* [Requirement] In the entries below, find the line with "Electric Start Self" and the line with "Fiat Tipo Cross Prices"; copy them and every line between them exactly, but not the pictures.

* [Supplied information]

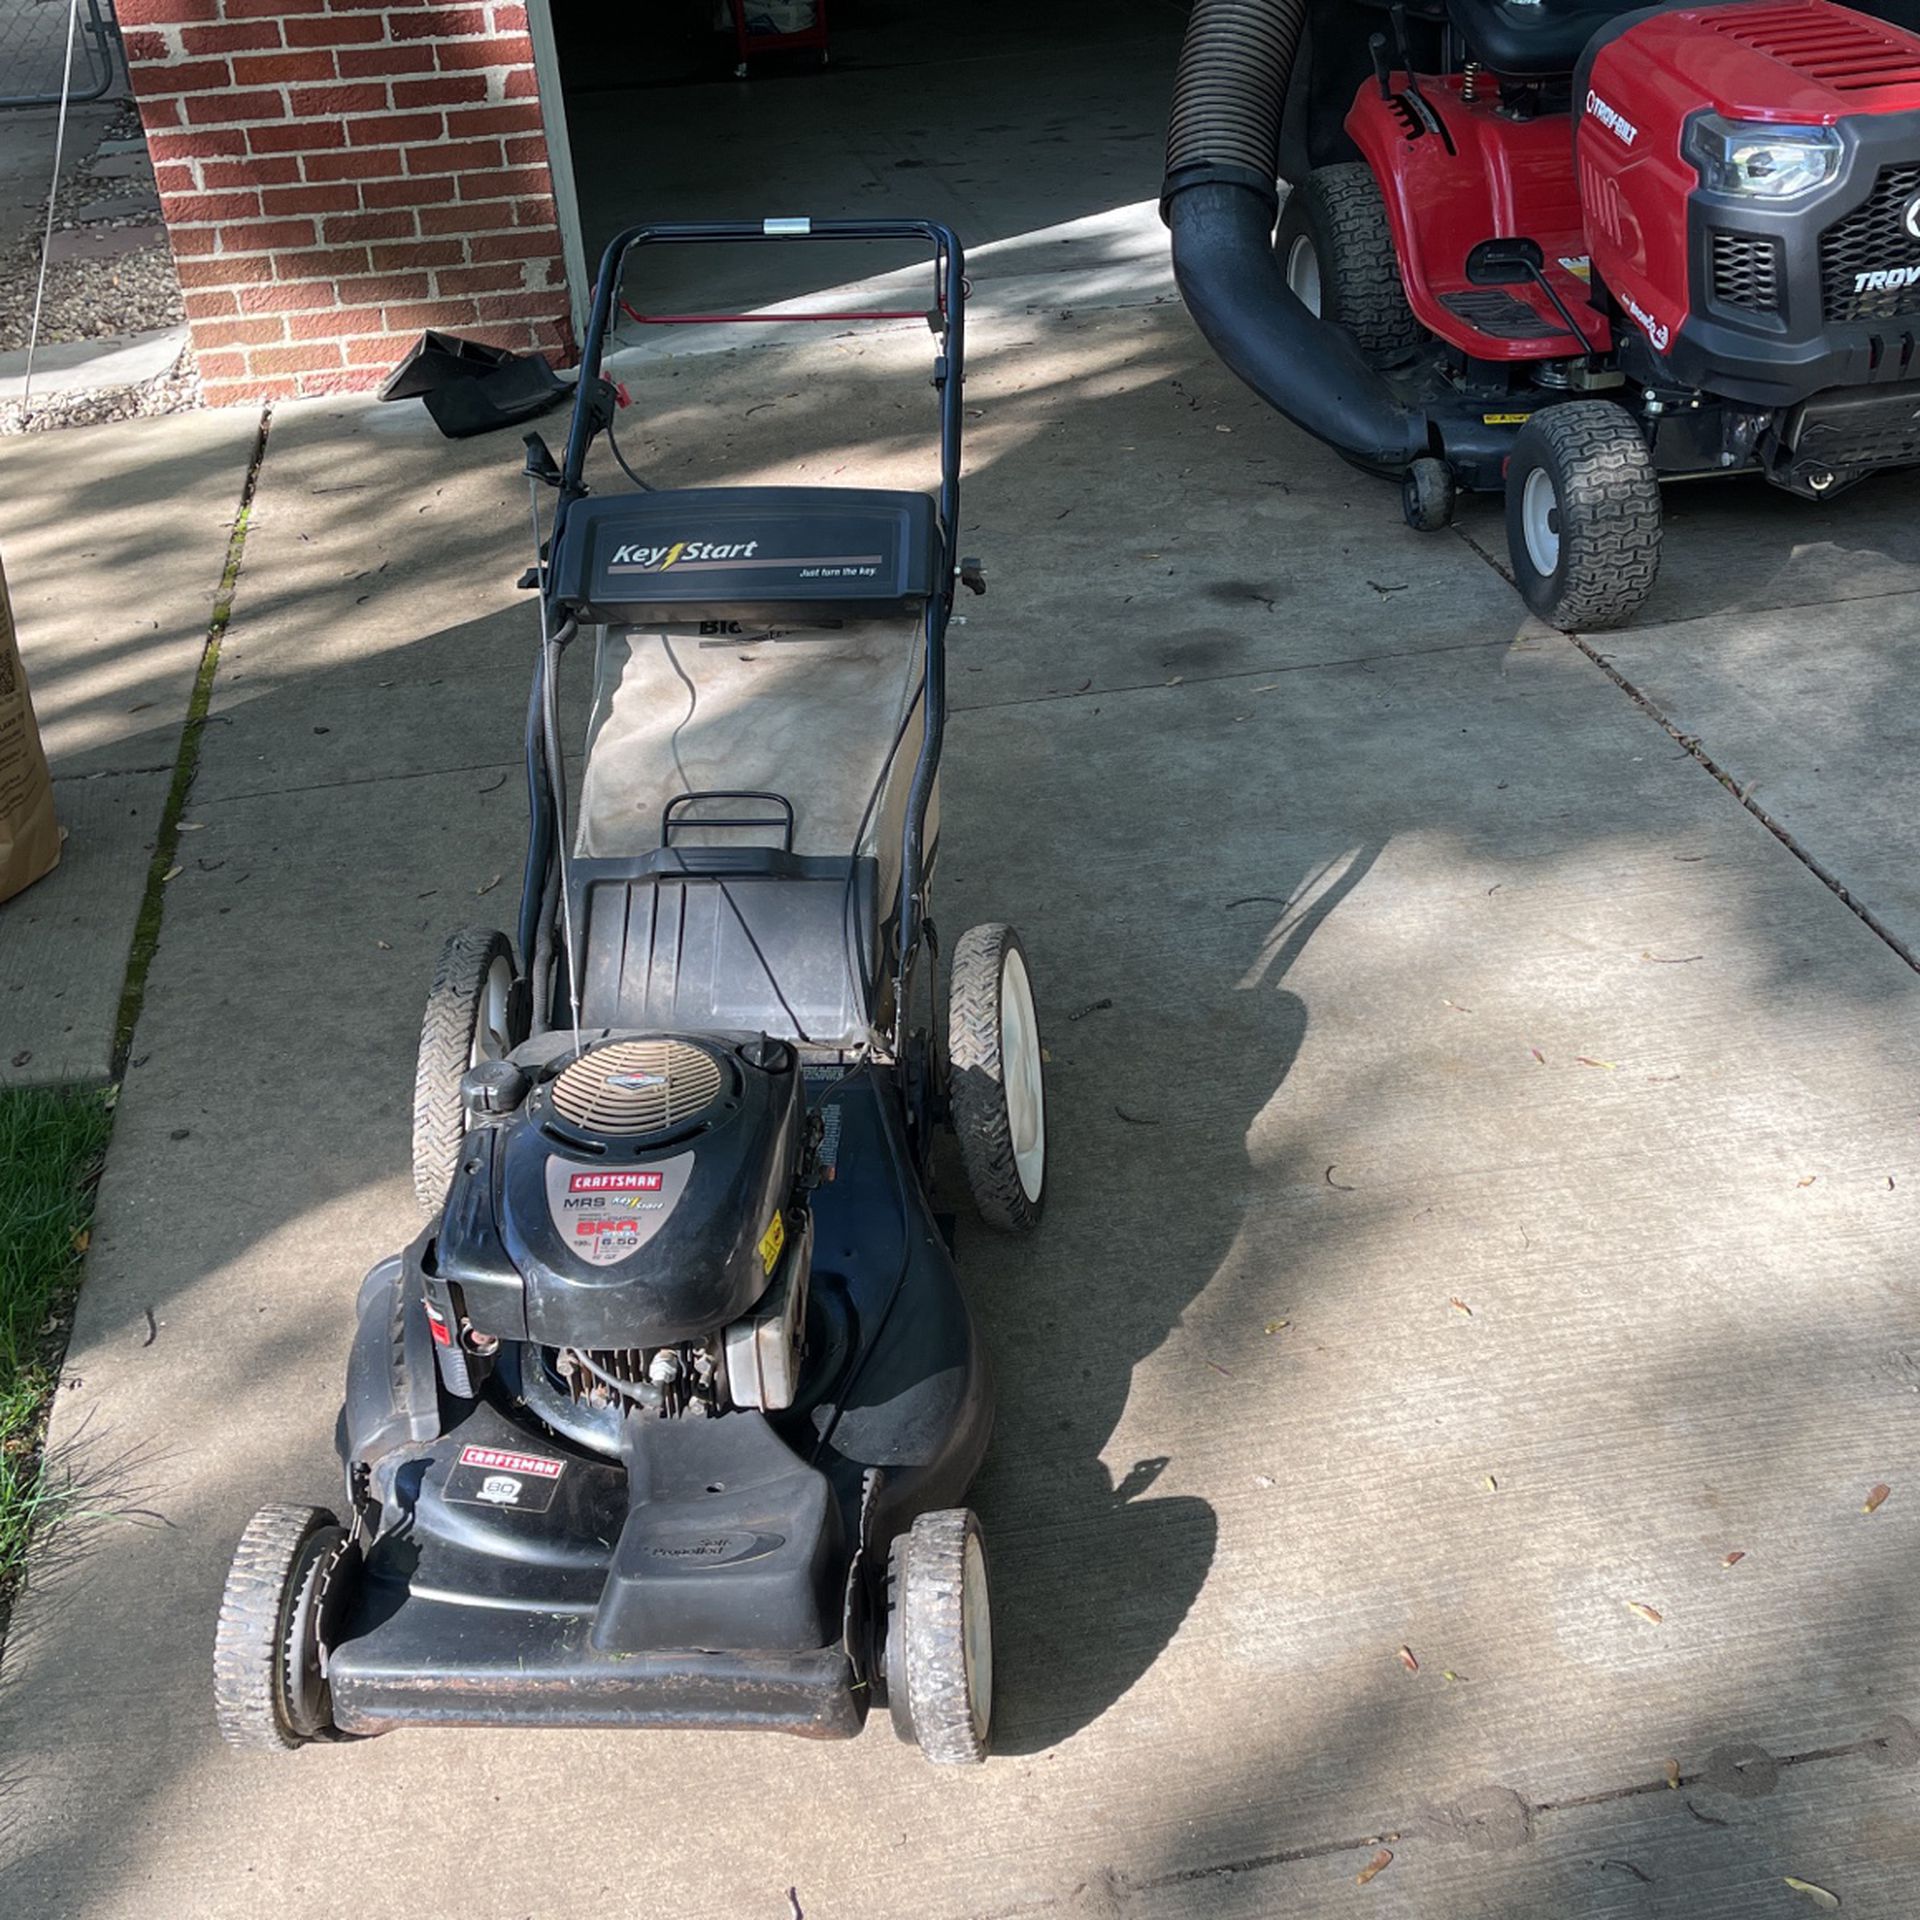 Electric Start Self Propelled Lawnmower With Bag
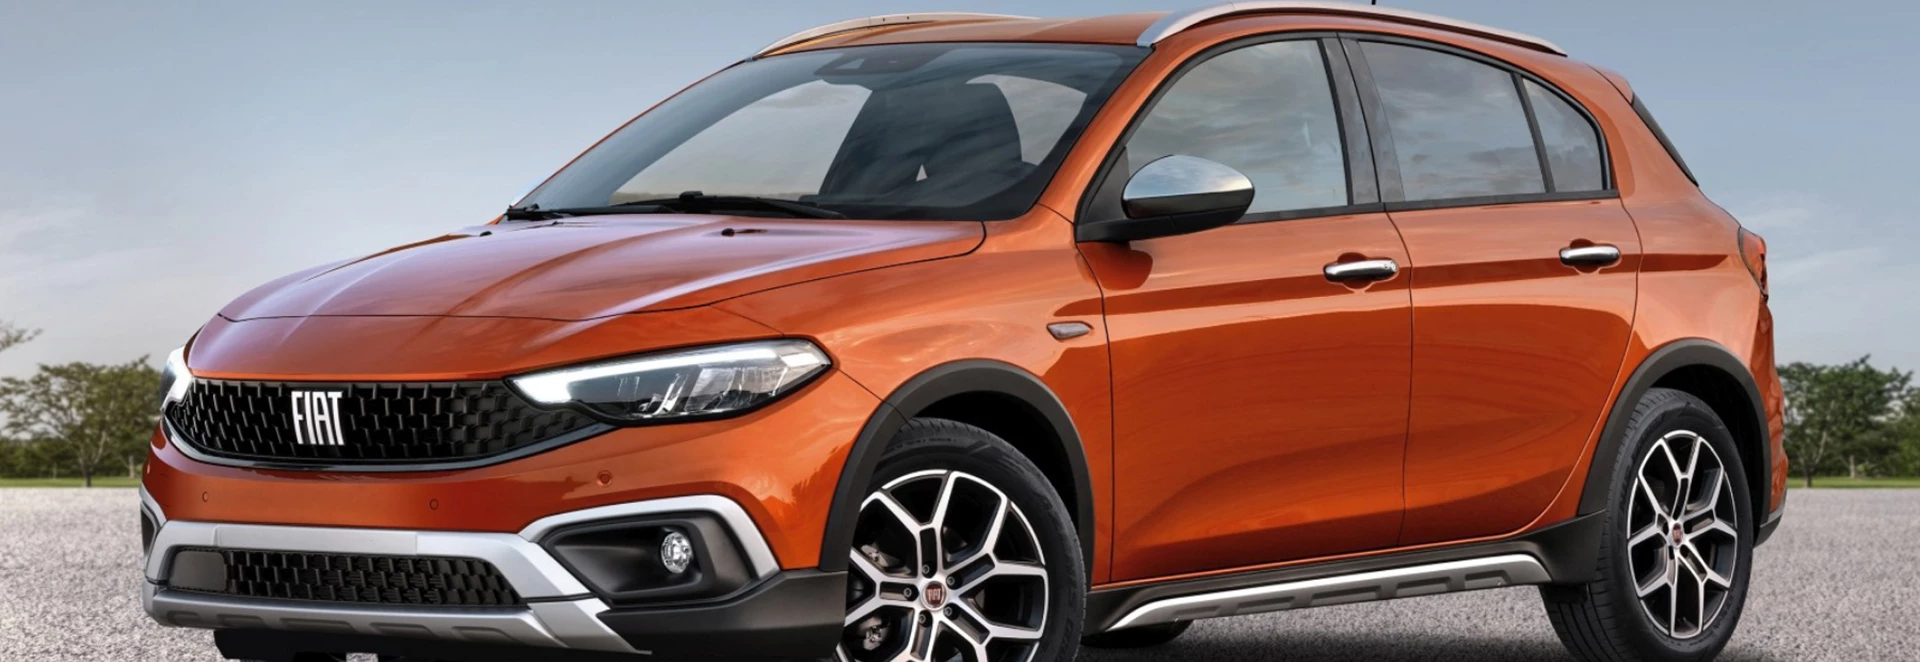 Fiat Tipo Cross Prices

...

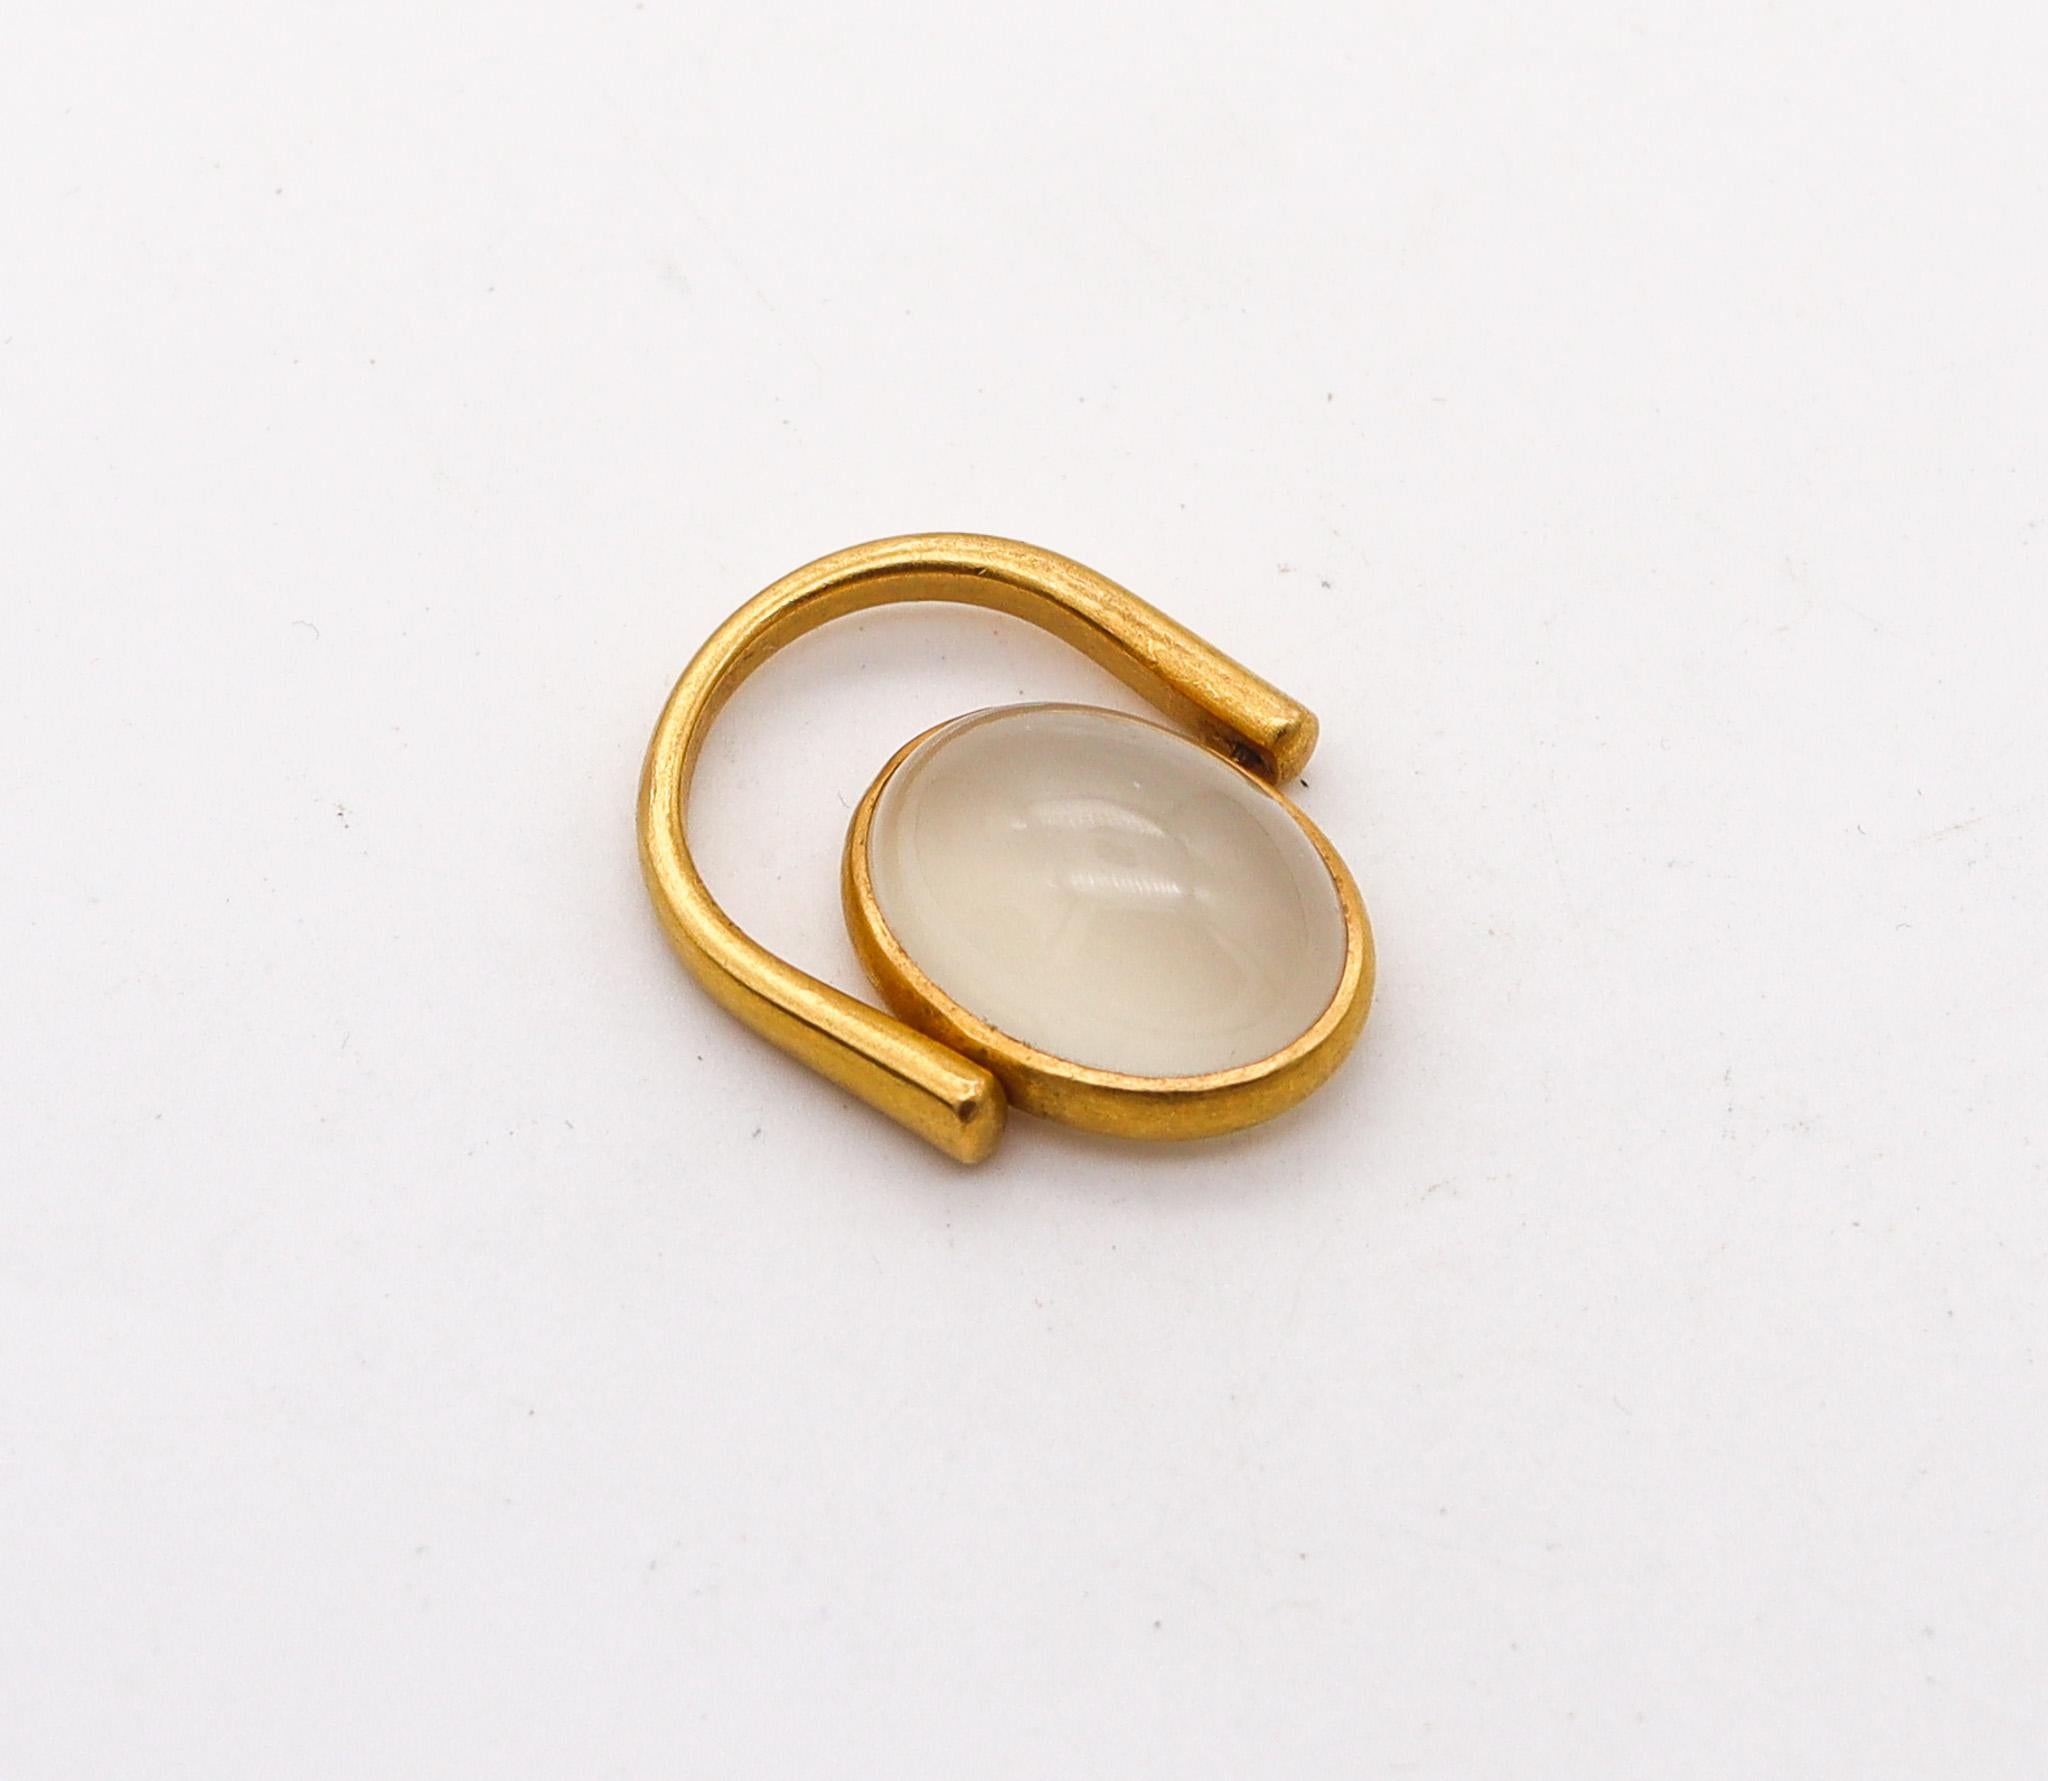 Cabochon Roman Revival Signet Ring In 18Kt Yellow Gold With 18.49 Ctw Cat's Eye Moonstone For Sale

* [Your solution]
 Electric Start Self Propelled Lawnmower With Bag
 Fiat Tipo Cross Prices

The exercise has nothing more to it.